15:08:34,021 INFO dbus-daemon:[system] Successfully activated service 'com.redhat.lvmdbus1'
15:08:34,031 NOTICE audit:SERVICE_START pid=1 uid=0 auid=4294967295 ses=4294967295 subj=system_u:system_r:init_t:s0 msg='unit=lvm2-lvmdbusd comm="systemd" exe="/usr/lib/systemd/systemd" hostname=? addr=? terminal=? res=success'
15:08:34,032 INFO systemd:Started LVM2 D-Bus service.
15:08:35,760 INFO anaconda:program: [26] Done.
15:08:35,766 INFO anaconda:program: [26] Got error: Failed to call the 'PvCreate' method on the '/com/redhat/lvmdbus1/Manager' object: Timeout was reached


Basically:
- PV creation has been requested
- the operation times out after 5 seconds

This looks like a bug as according to vtrefny the LVM DBUS API should either finish in <1 second or return a job object if the operation takes >1 seconds.
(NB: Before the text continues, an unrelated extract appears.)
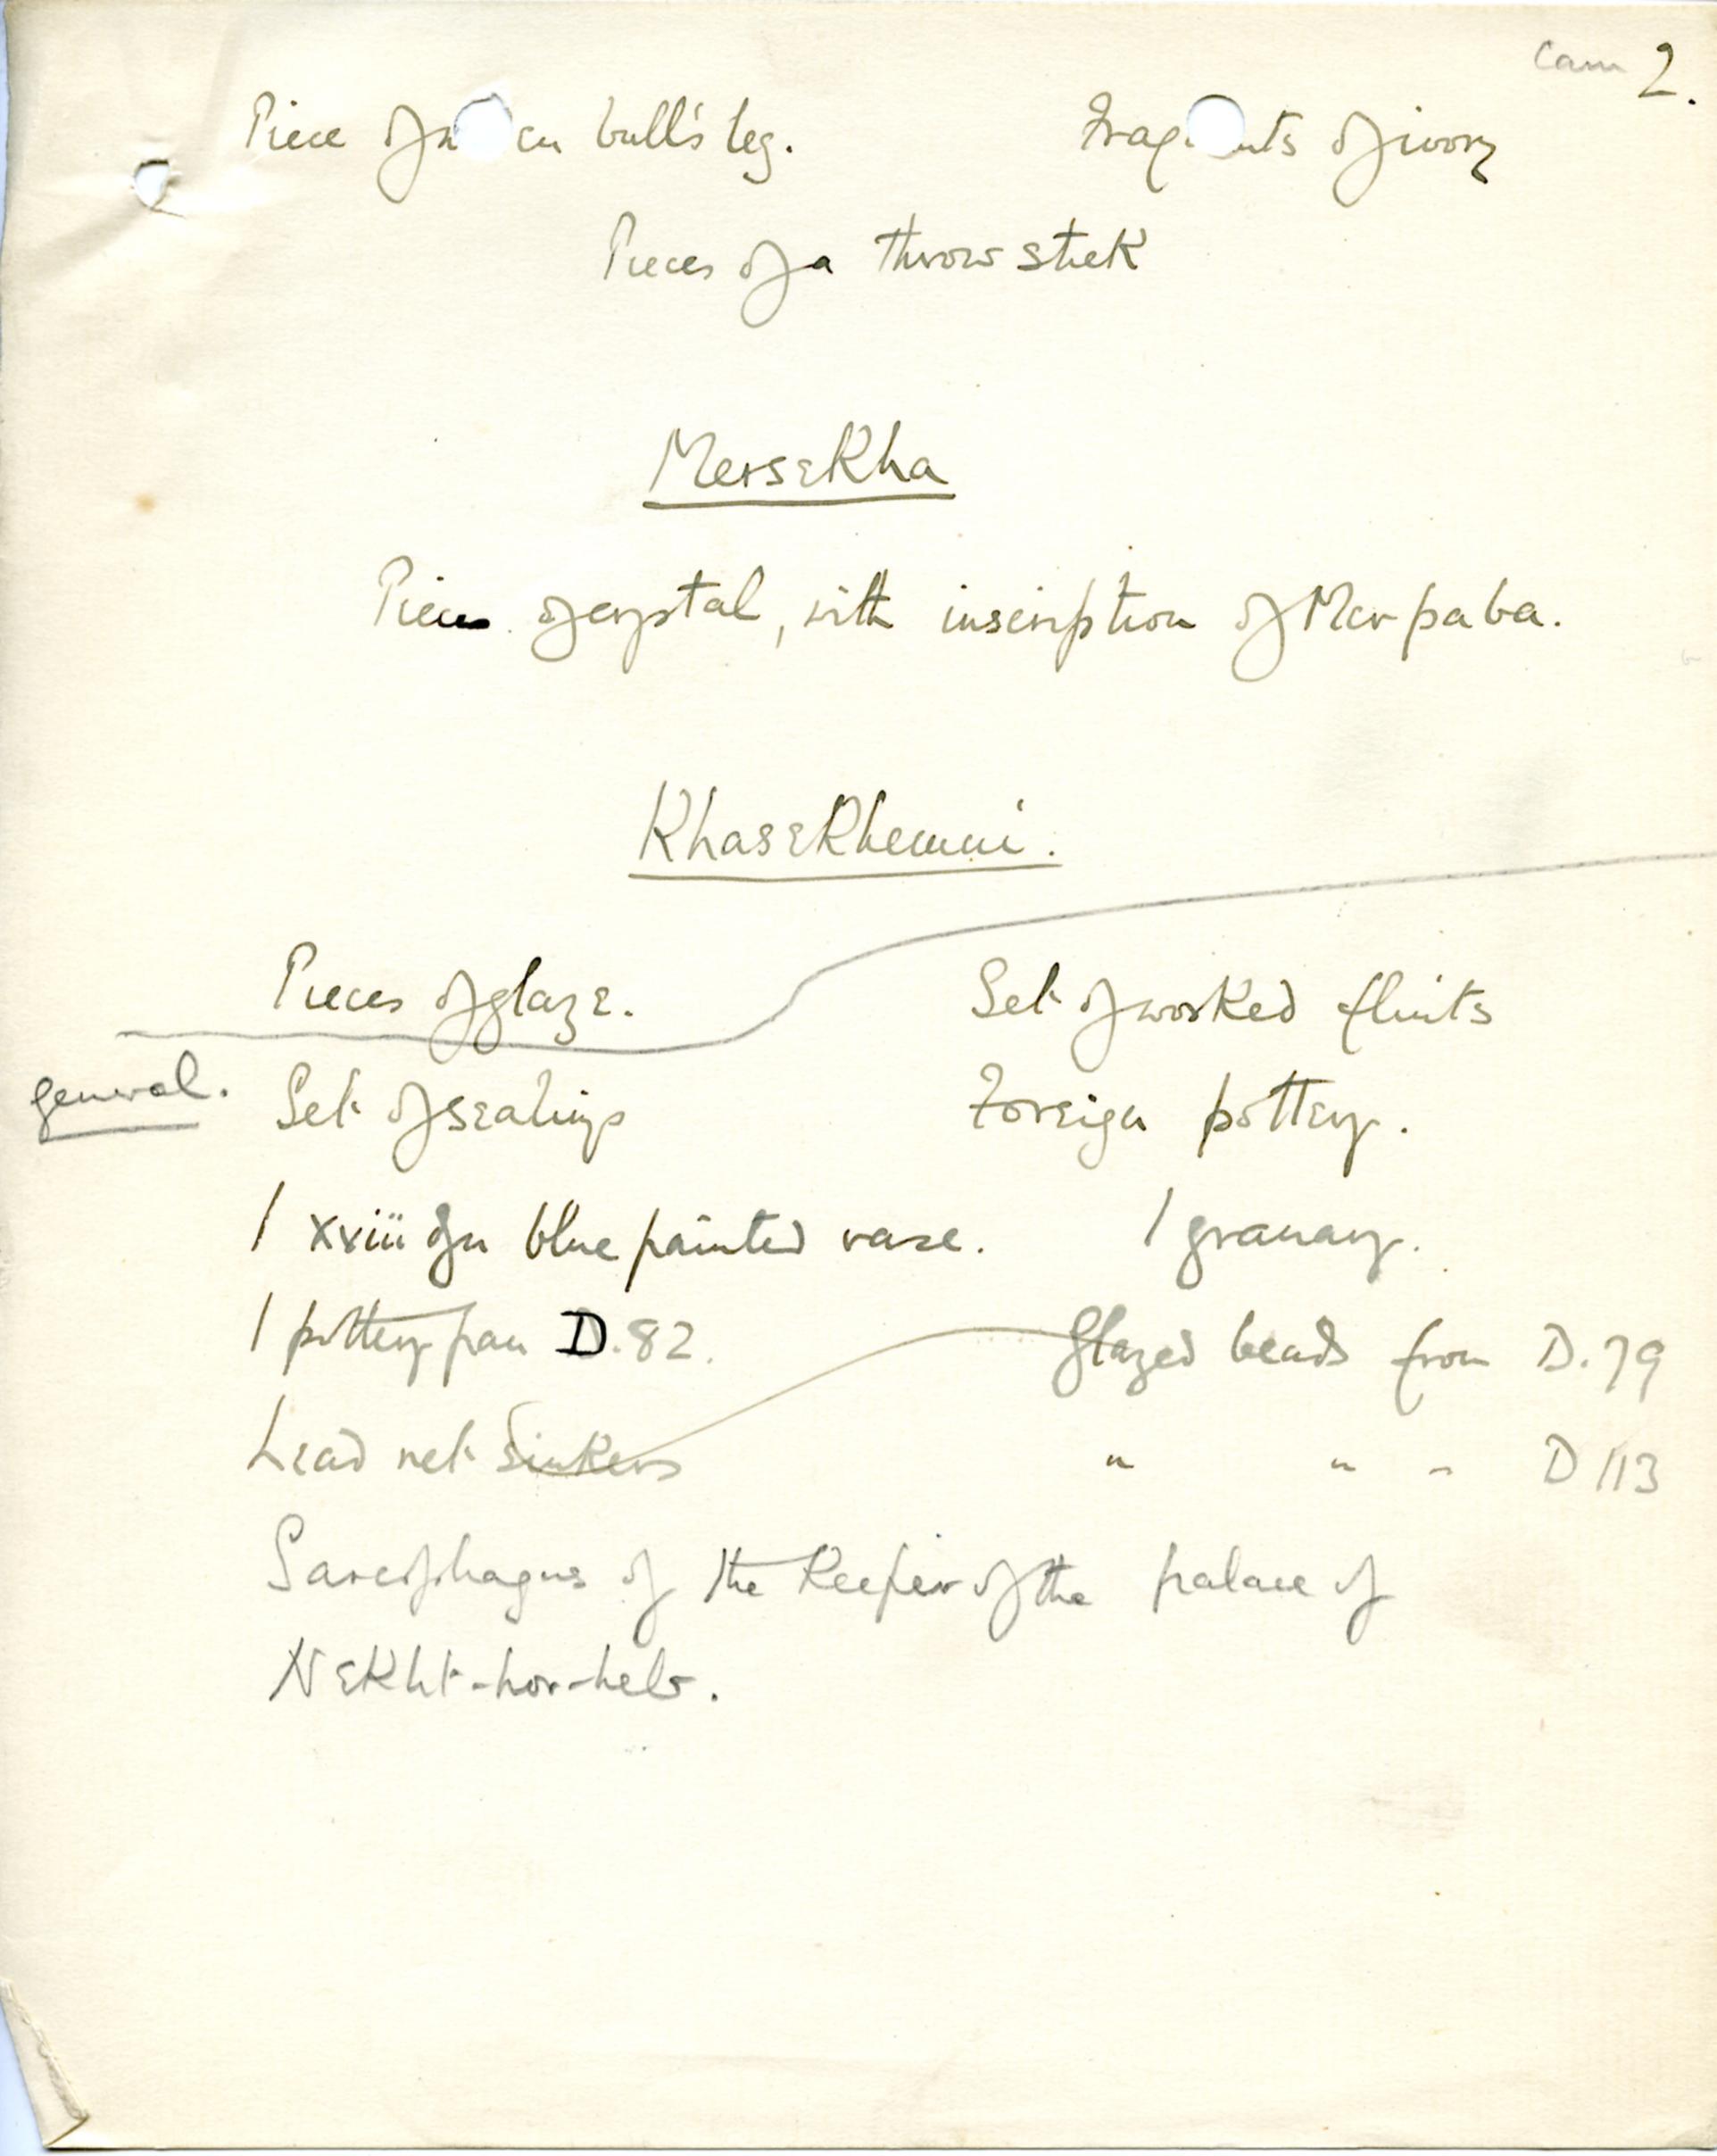 1898-1899 Hu, 1899-1900 Abydos DIST.17.62b

Comment 29 mulhern 2018-07-24 13:20:27 UTC
Maybe:
  1. dbus call is made and blivet/libblockdev D-Bus timeout clock starts ticking
  2. plenty of time passes while lvm D-Bus service gets started (approx 4 seconds)
  2.5 There occurs a brief hiatus while LVM D-Bus service is getting its act together and before it actually receives the message
  3. LVM D-Bus service gets a D-Bus message. Its 1 second clock starts ticking, but before that limit can be reached
  4. blivet/libblockdev reaches its five second timeout
?

Comment 30 Vojtech Trefny 2018-07-25 08:18:15 UTC
I didn't notice it takes 4 seconds to start the lvmdbusd service (and we have a different bug for Fedora and it takes 8 seconds there). So this is definitely a different issue and we can close this one. I'll create a separate issue with this for libblockdev.
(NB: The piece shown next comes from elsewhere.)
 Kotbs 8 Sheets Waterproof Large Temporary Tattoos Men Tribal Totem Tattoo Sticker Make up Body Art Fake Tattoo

Comment 31 Marian Csontos 2018-07-25 08:30:09 UTC
I was going to write the same. Check the load/free memory on the test system.

I checked the code (not that I fully understand all the magic), and this really should not happen, but!
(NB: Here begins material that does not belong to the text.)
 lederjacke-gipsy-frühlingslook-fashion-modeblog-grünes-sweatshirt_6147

Call, once in lvmdbusd, should really return result or job in 1 second, but! There is no guarantee the message will be delivered immediately, especially when either system or D-Bus is under high load.

Is not the system somewhat unstable or overloaded? (swapping?) It takes over 3 seconds to start lvmdbusd, so it may be possible the lvmdbusd just does not get enough time to process anything.